20-year old Russian Olympian Daria K. Ustinova is training with Team Elite in San Diego and will race 2 meets in the United States before returning home to race in April’s Russian National Championships and World Championship Trials.
The 20-year old Ustinova has joined David Marsh‘s professional training group, based out of UCSD in San Diego. She had been training at USC in Los Angeles late last year, but has spent the last month further south.
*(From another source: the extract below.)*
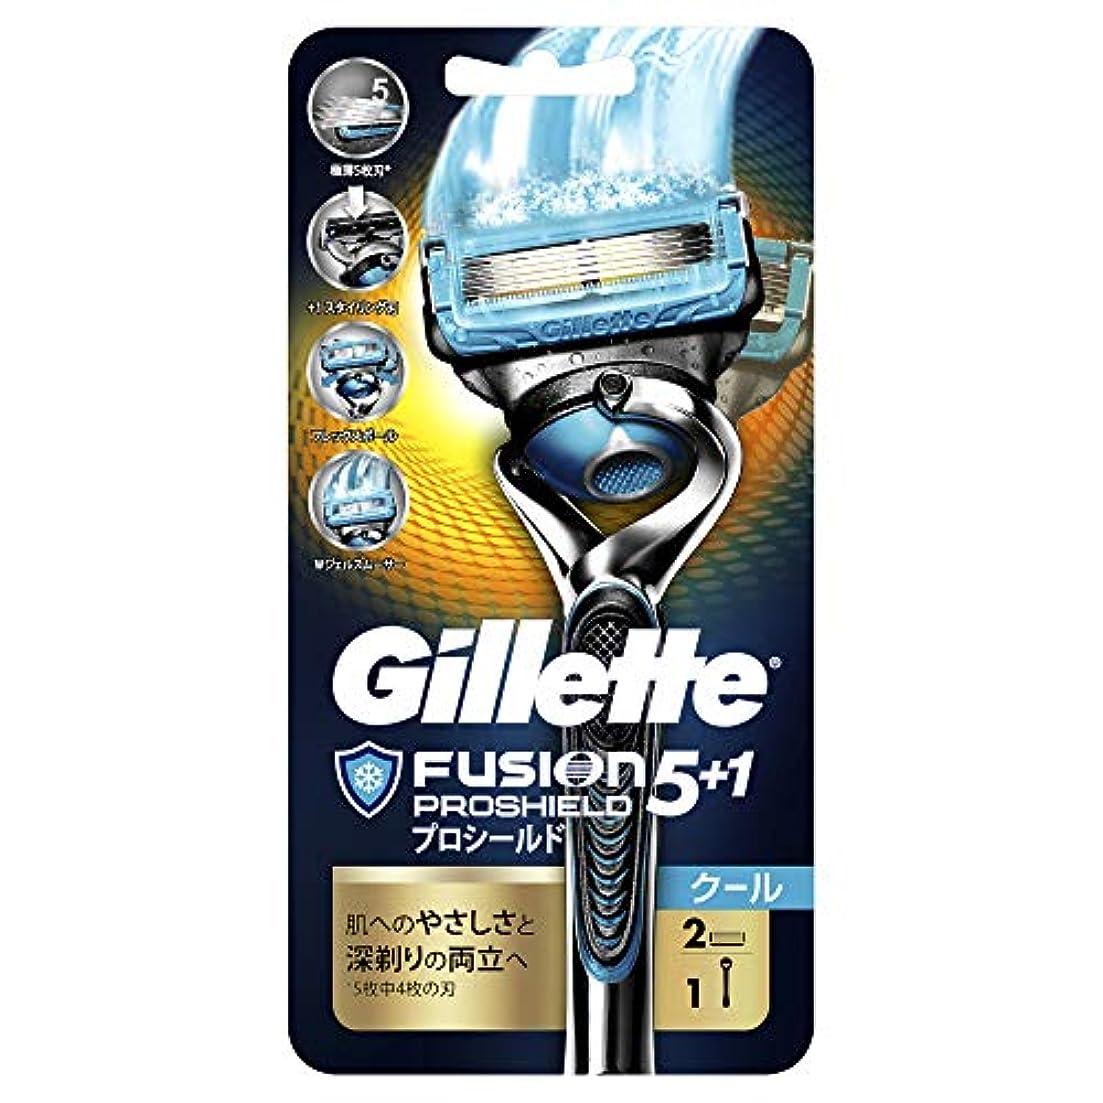 失礼枯れる伝えるジレット 髭剃り フュージョン5+1 プロシールド クール 本体 替刃1個付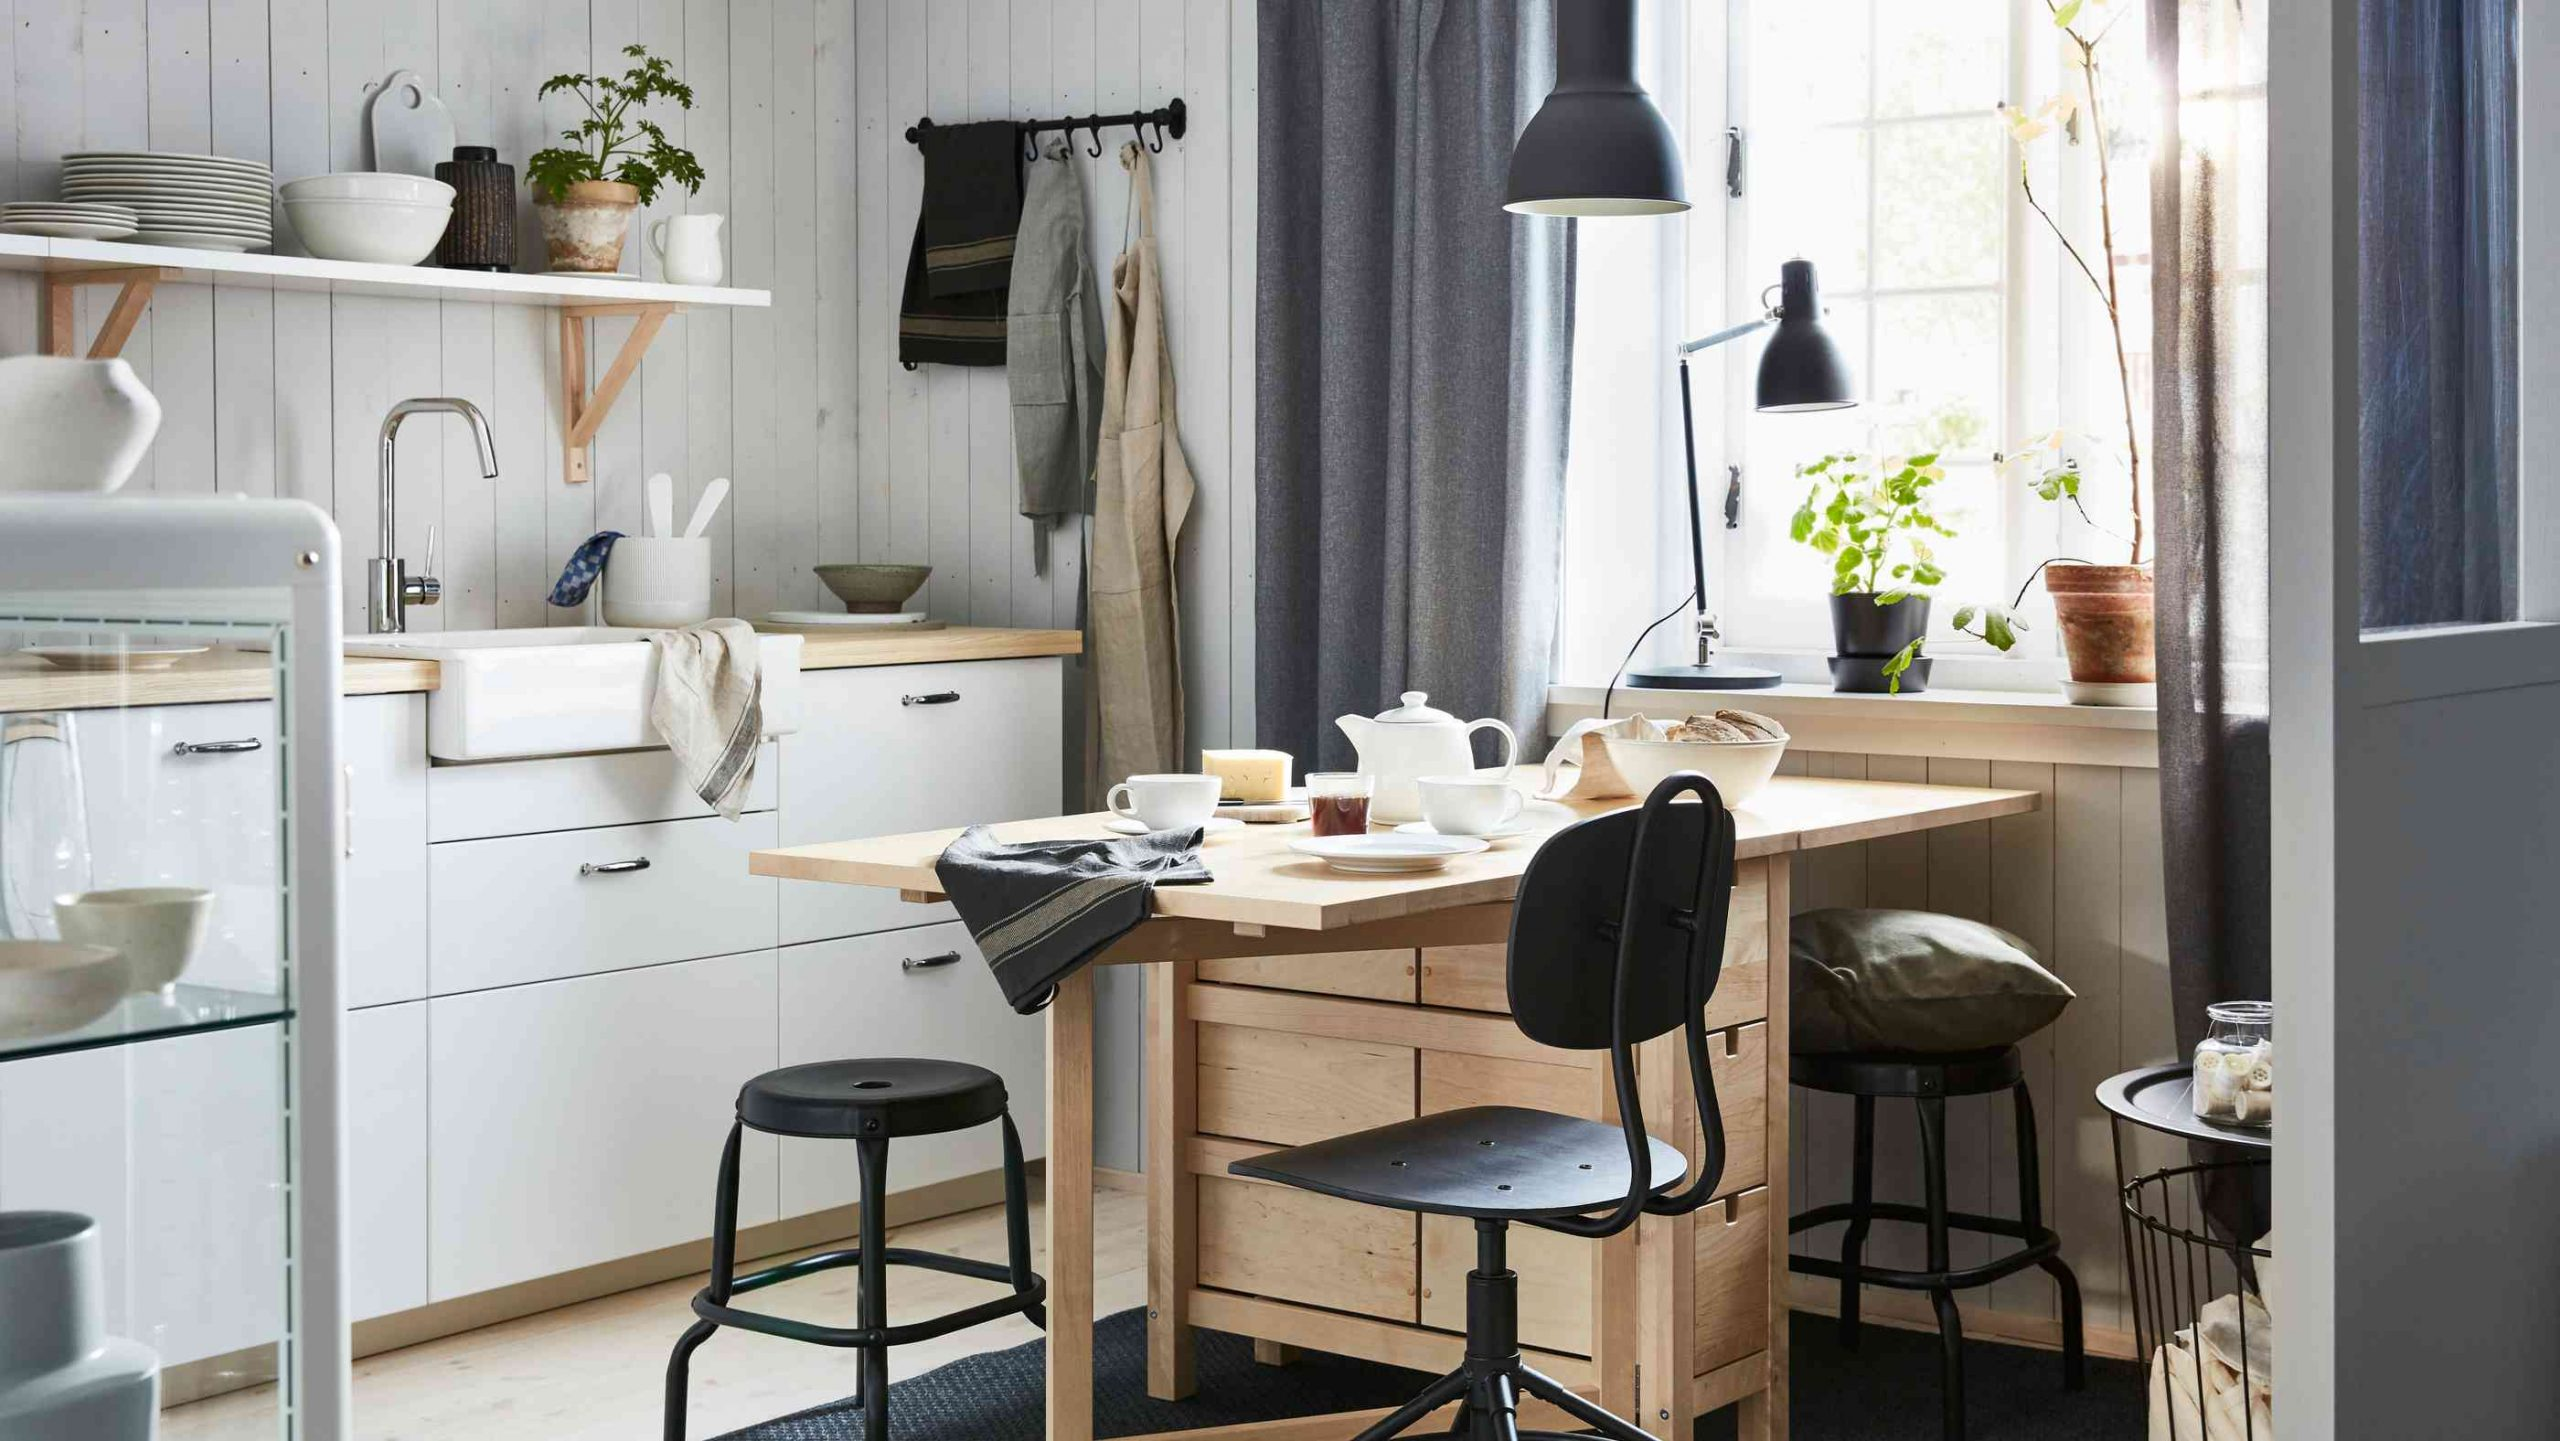 Full Size of Miniküche Ikea Betten 160x200 Bei Küche Kosten Mit Kühlschrank Kaufen Sofa Schlaffunktion Modulküche Stengel Wohnzimmer Miniküche Ikea

Ustinova, not to be confused with Russia’s Youth Olympic medalist by the same name (differentiated by the K. as the middle initial), swam at the 2016 Olympic Games in the 100 and 20 backstroke, missing the semi-finals in the former but placing 4th in the latter. She almost wasn’t able to swim that meet when an IOC crackdown on Russians who had previously been sanctioned for doping violations initially barred her from competing at the Olympics, though she won a last-minute appeal with the CAS to swim. When she was 14, she was given a ‘reprimand’ for a doping rules violation, without many details released, and the McLaren Report later named her as one of a group of athletes who may have benefited from a program that made positive tests disappear.
This adds another international-caliber backstroker to the group, alongside 100 backstroke World Record holder Kathleen Baker, who is now in San Diego full time; American and World Record holder Ali DeLoof, who took 4 medals at the 2016 World Short Course Championships; and 3-time Olympic medalist Ryosuke Irie of Japan.
Ustinova is expected to race 2 meets in the US, one short course in Coronado and one long course at the PSS – Des Moines, before April’s Russian National Championship begin.
I’ve always admired Dave Marsh for his “zero tolerance” policy toward coaching dopers. I hope he has some good assurances that Ustinova is clean.
It’s hard to know about the disappearing false positives stuff. That whole thing is still murky.
However, whatever doping violation she committed at 14…was either 1) exacted upon her by an adult who belongs in jail, or 2) was probably a violation of ignorance of some kind.
I bet if you tested every 14 year old swimmer in the United States or Russia or the UK or wherever, a whole lot of them would have doping violations for totally innocent actions – most of which could be handled with TUEs.
Whether it was intentional or not, any 14-year old who commits a doping rules has my sympathy, not my ire.